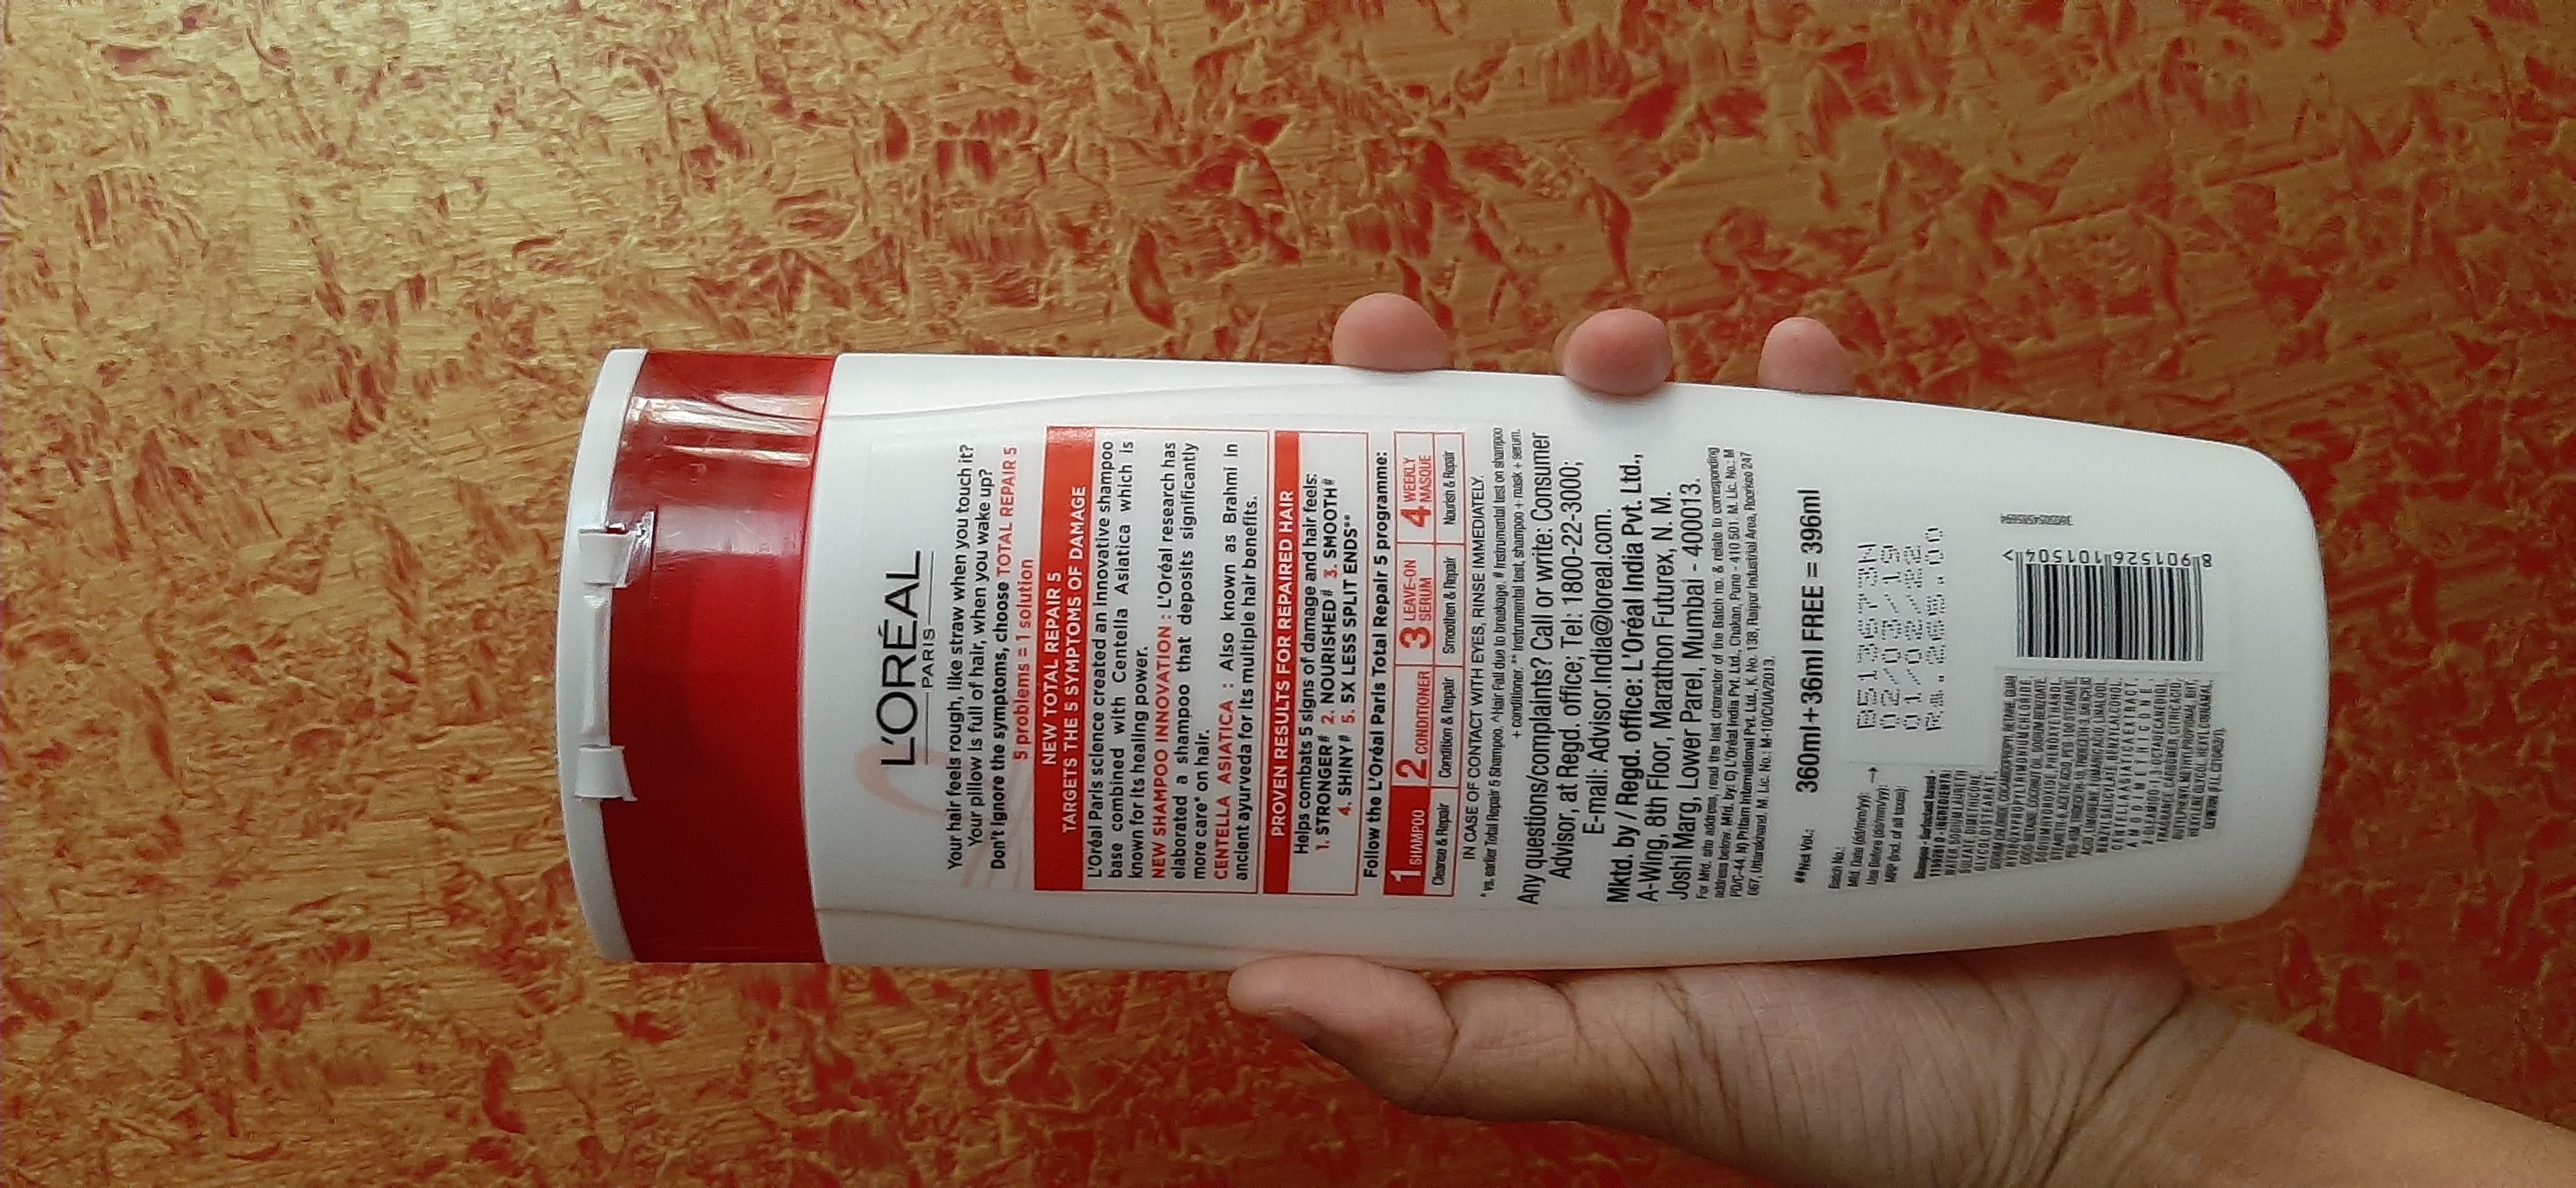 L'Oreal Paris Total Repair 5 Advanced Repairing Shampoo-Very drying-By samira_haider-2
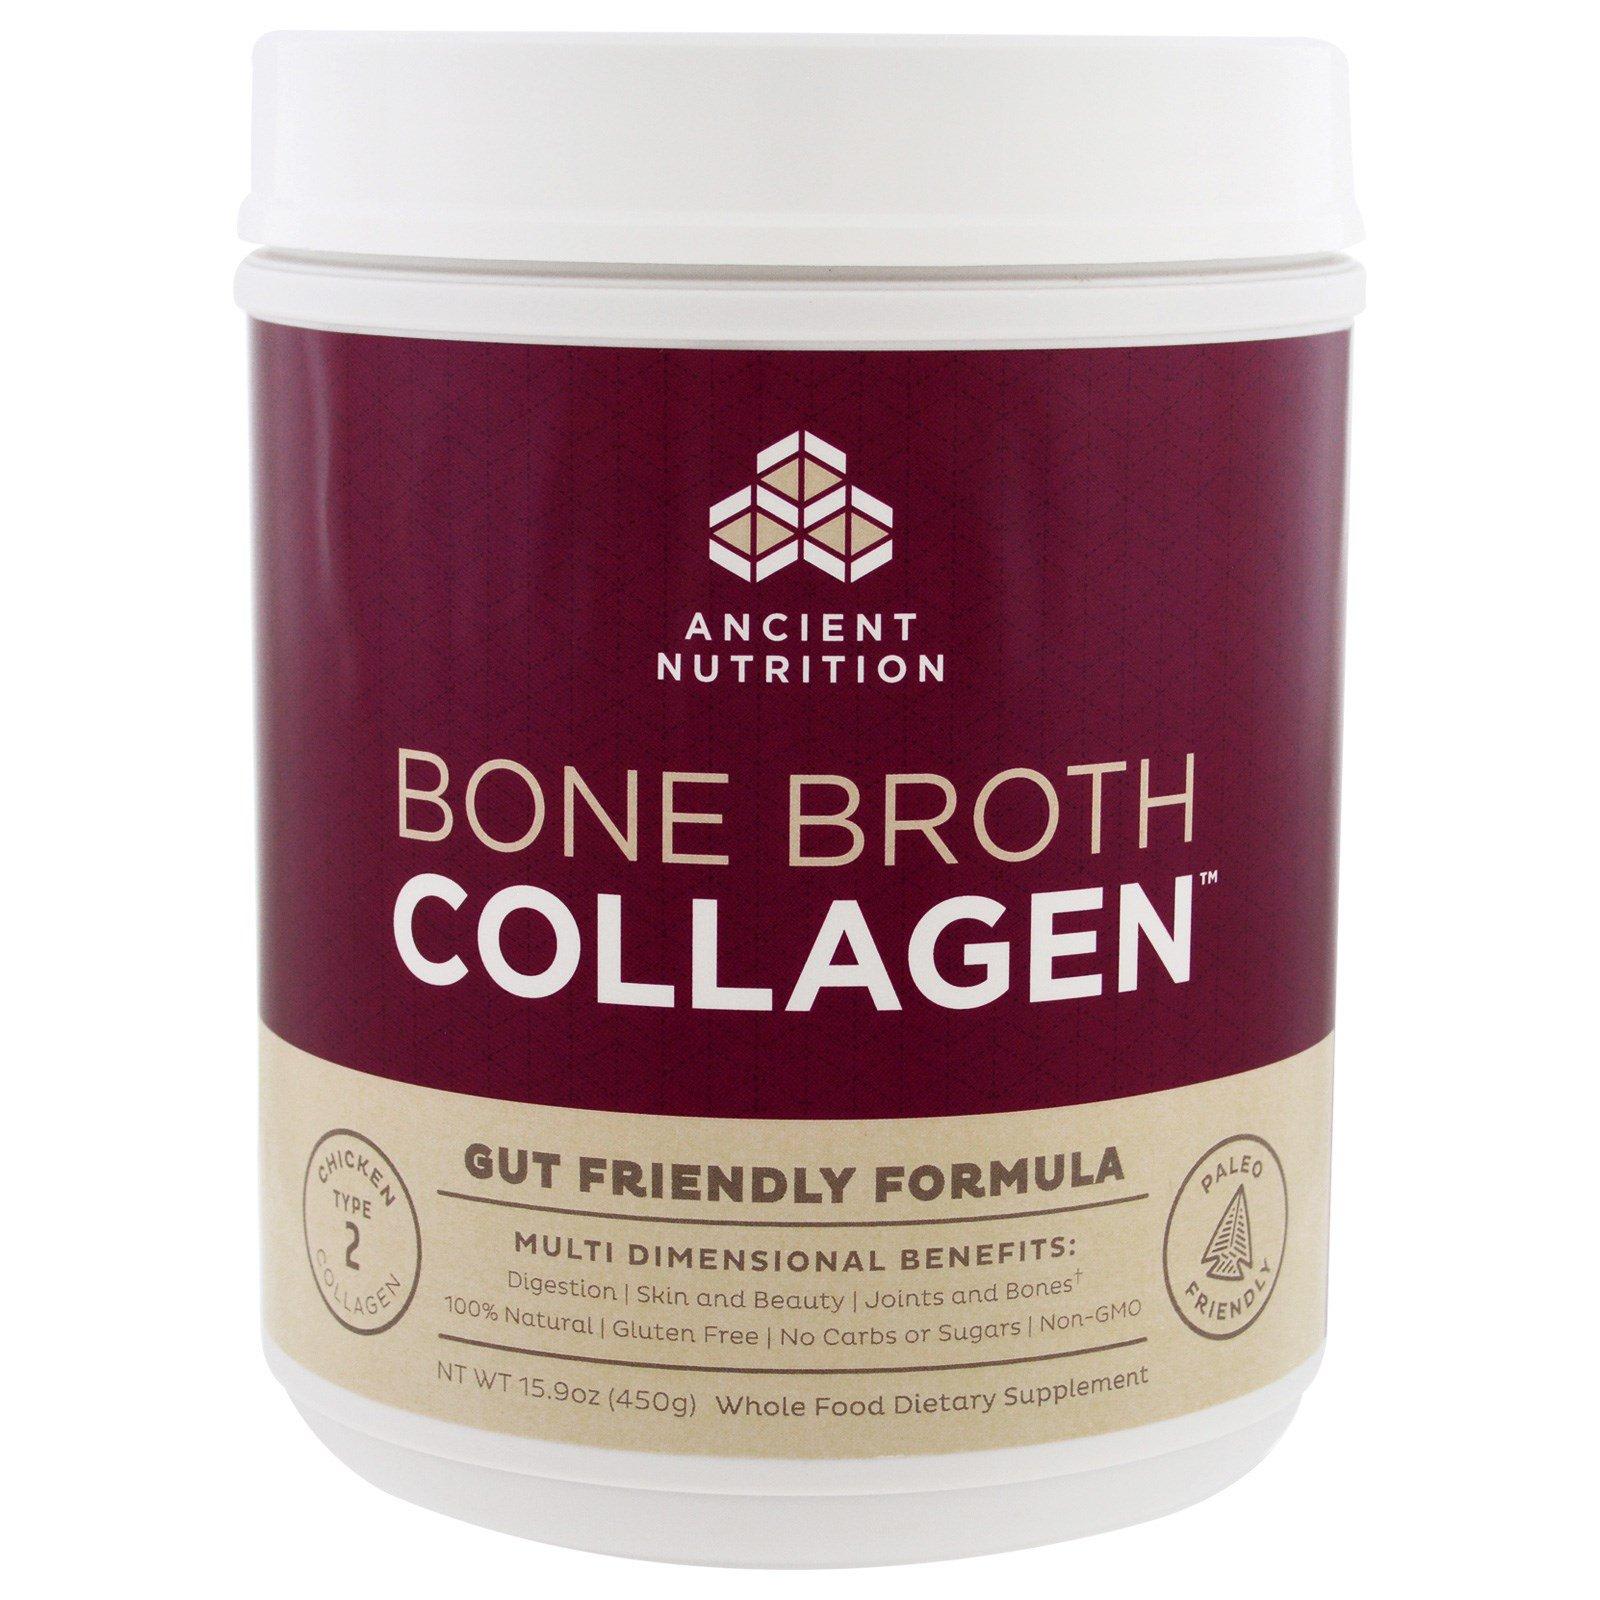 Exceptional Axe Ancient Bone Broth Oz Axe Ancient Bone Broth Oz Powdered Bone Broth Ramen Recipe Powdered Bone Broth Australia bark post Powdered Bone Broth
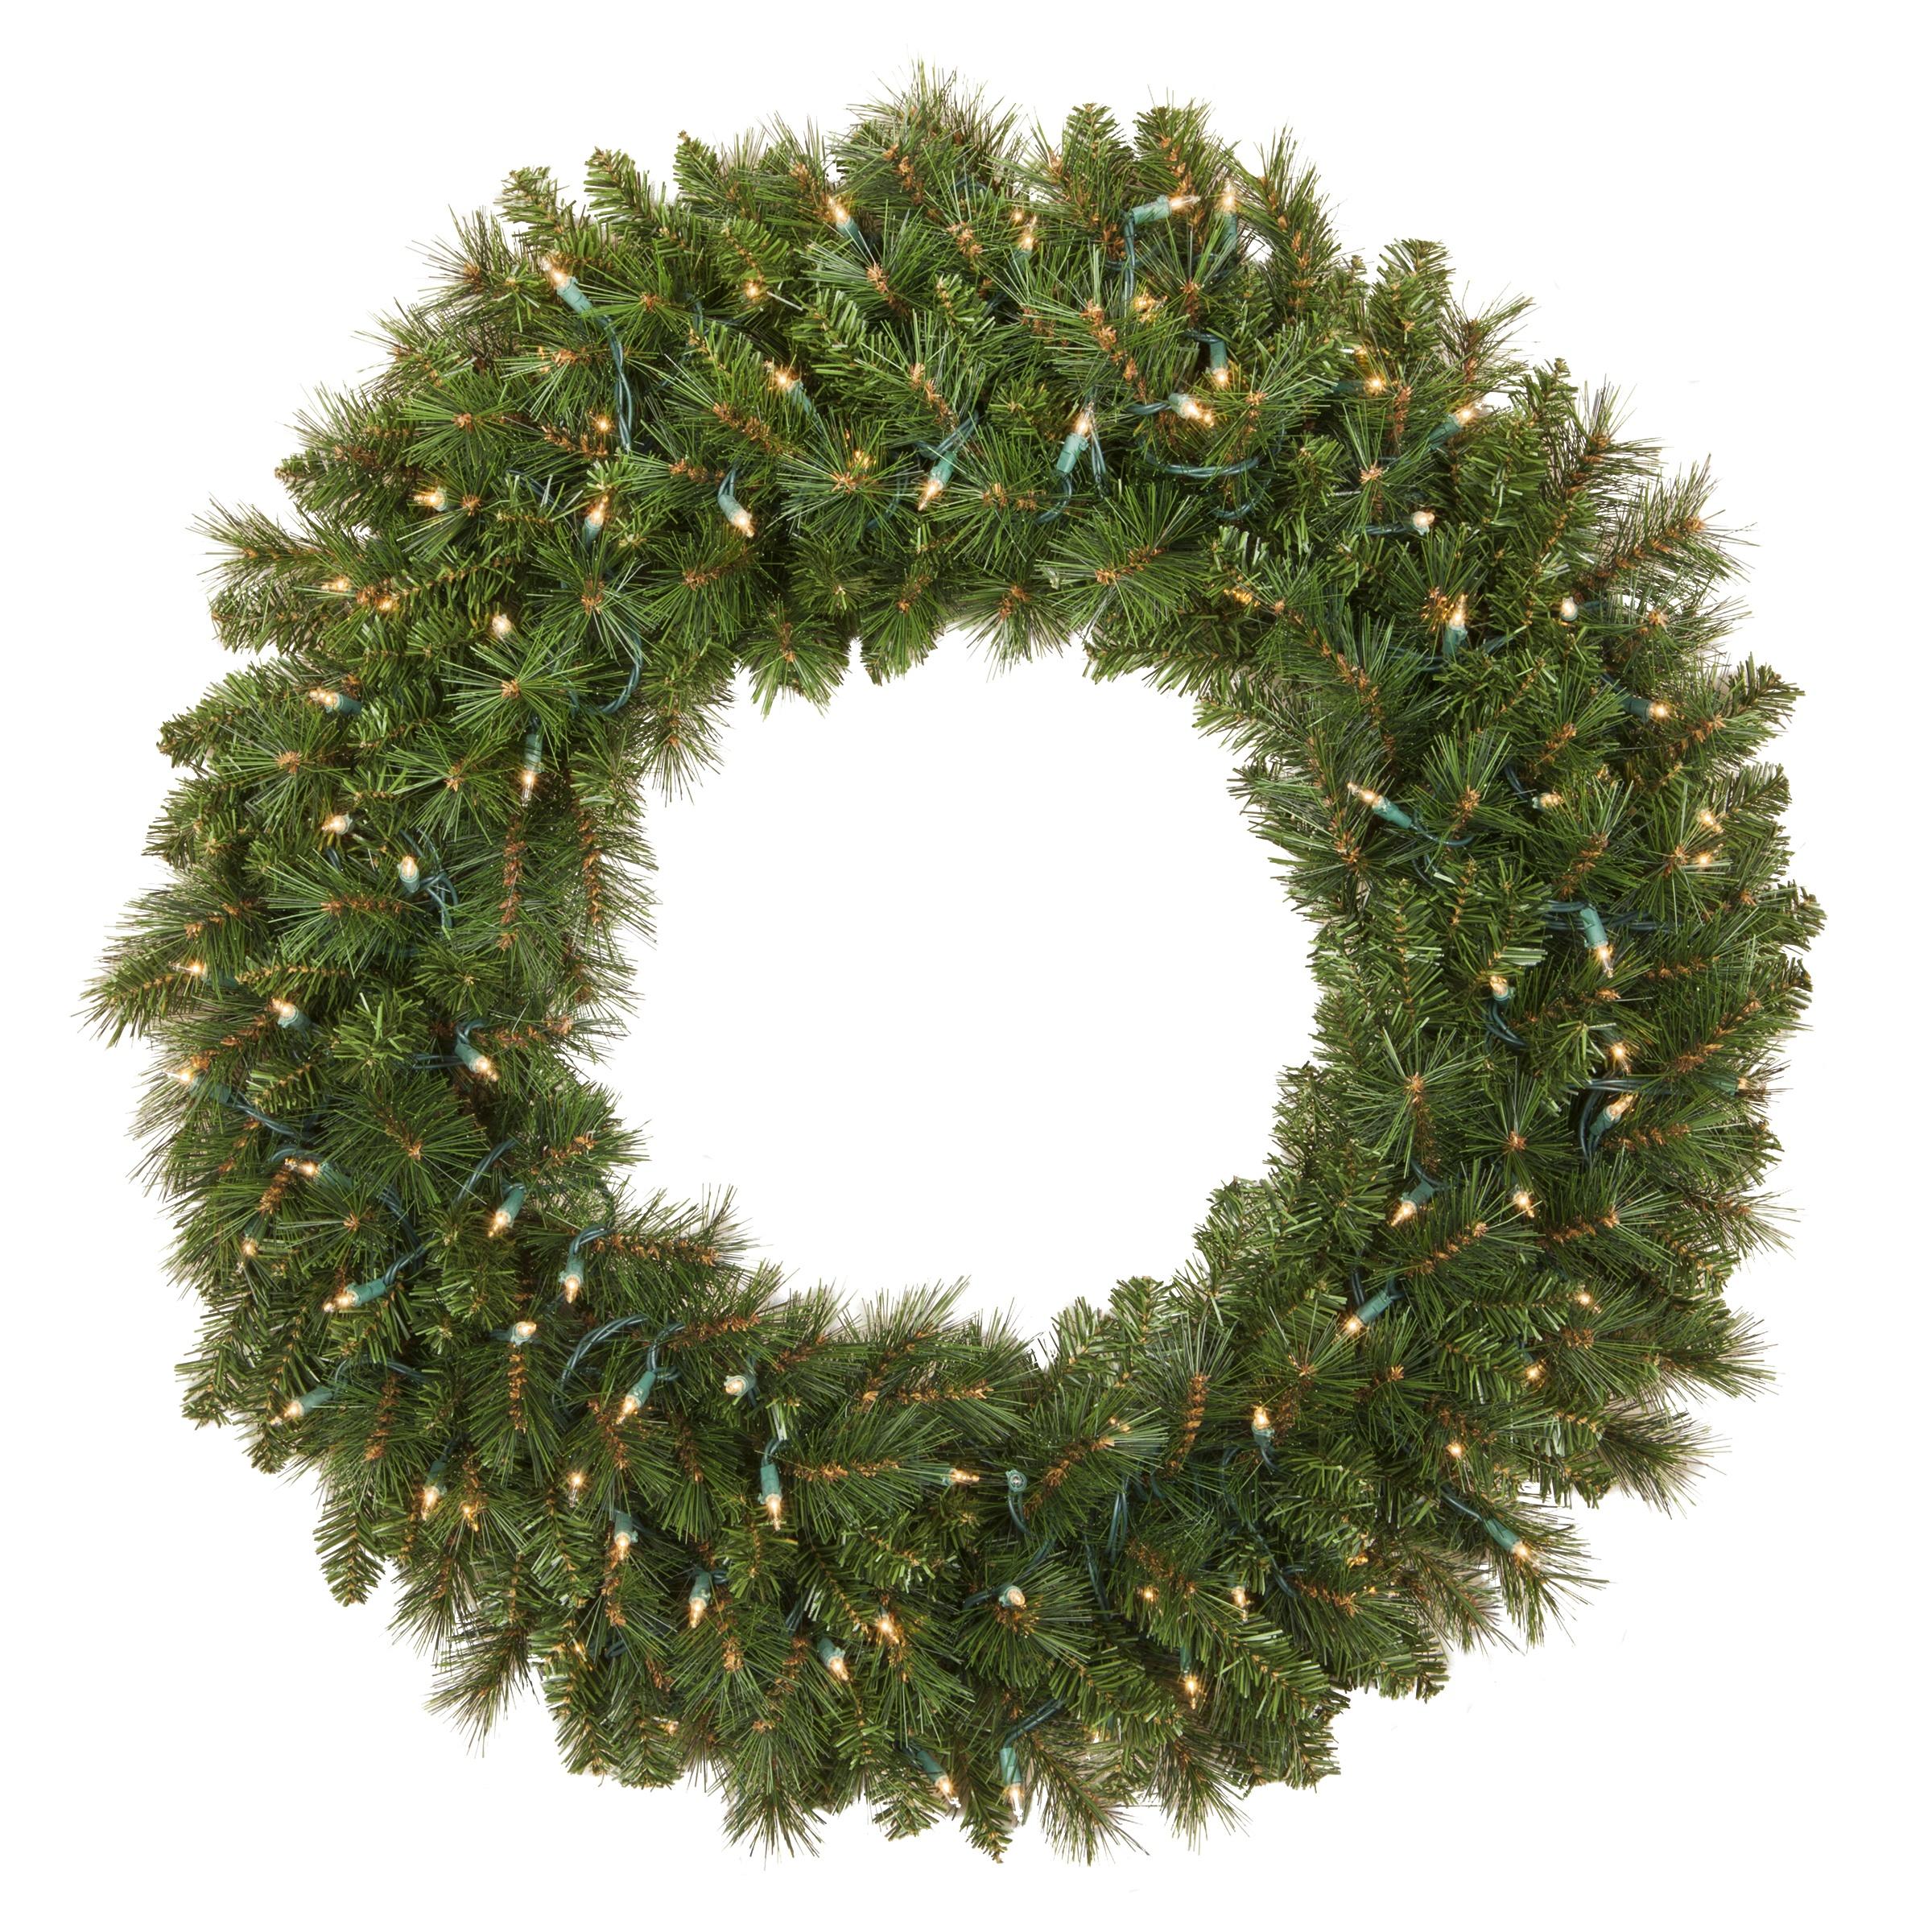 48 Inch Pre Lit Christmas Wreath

** To do **
Write down the full listing above exactly as it is, except for any images.

** Expected answer **
 L'Oreal Paris Total Repair 5 Advanced Repairing Shampoo-Very drying-By samira_haider-2
 Exceptional Axe Ancient Bone Broth Oz Axe Ancient Bone Broth Oz Powdered Bone Broth Ramen Recipe Powdered Bone Broth Australia bark post Powdered Bone Broth
 48 Inch Pre Lit Christmas Wreath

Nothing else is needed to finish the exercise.